菅義偉官房長官は17日午後の記者会見で、仮想通貨の暗号資産への呼称変更いついて「研究会の議論を踏まえ、金融庁が適切に対応する」と発言した。「『通貨』という呼び方が誤解を生みやすいとの指摘もある」ともコメント。先週末の金融庁の研究会での議論をもとに、暗号資産への呼称変更が進むことになるかもしれない。

ニコニコニュースの質問に応える中で、次のように菅氏は呼称変更の件に言及している。

G20をはじめ、国際社会の中で『暗号資産』という表現が使われ始めております。また『通貨』という呼び方が法定通貨との間で誤解を生みやすいと、そうした指摘もあります。そういったことを踏まえて、金融庁の研究会において法令上の呼び方について『暗号資産』に変更するという方向性が示されている。そういう報告は受けています。いずれにしても、研究会の議論を踏まえ、金融庁が適切に対応すると思います」

金融庁の仮想通貨交換業等に関する研究会の議論では、暗号資産に呼称を変更するよう求める声が多く出ていた。「国際的な動向を踏まえれば、日本だけが『仮想通貨』を使い続けることは具合が悪い」といった指摘がメンバーから出た。また菅氏が言及していたように、「通貨」という表現が誤解を生むのではないかという懸念も研究会では指摘されている。

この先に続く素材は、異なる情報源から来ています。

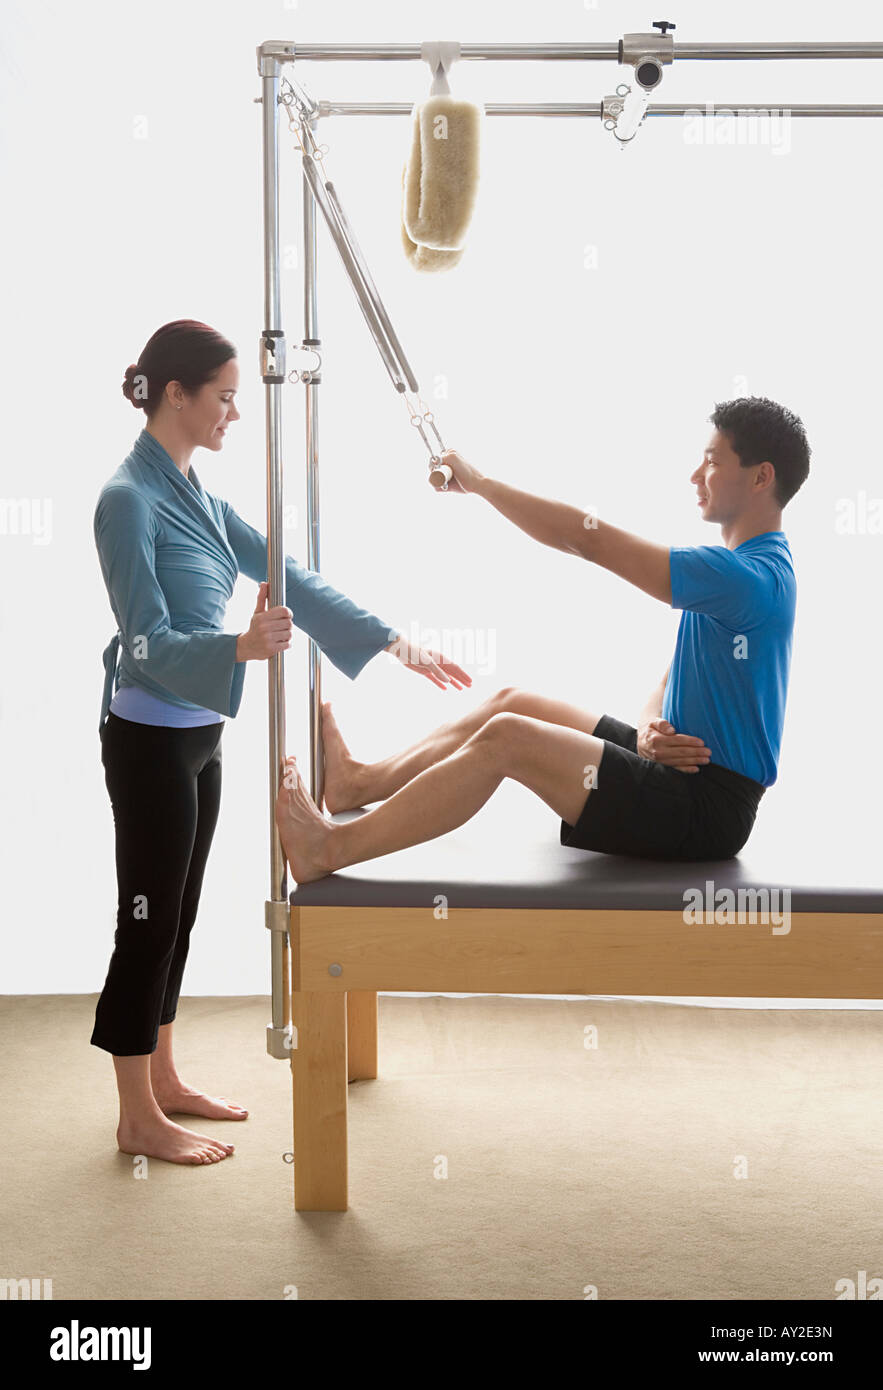 Instructor helping man on exercise equipment Stock Photo

その一方で今年の流行語大賞の候補に「仮想通貨」が入るなど、「仮想通貨」という表現が日本では広く普及している状況でもある。過去の研究会では「新しい名称ができることで、新しい良いものができたと世間に誤解を与える可能性がある」といった危惧する声も出ていた。自主規制団体も「日本仮想通貨交換業協会」となったが、名称を変えることになるのだろうか。

いずれにしても来年の通常国会に資金決済法や金融商品取引法の改正案を提出するとの報道もあり、来年以降、ICO規制やレバレッジ規制などと合わせ、仮想通貨の呼称問題が改めてクローズアップされることになるだろう。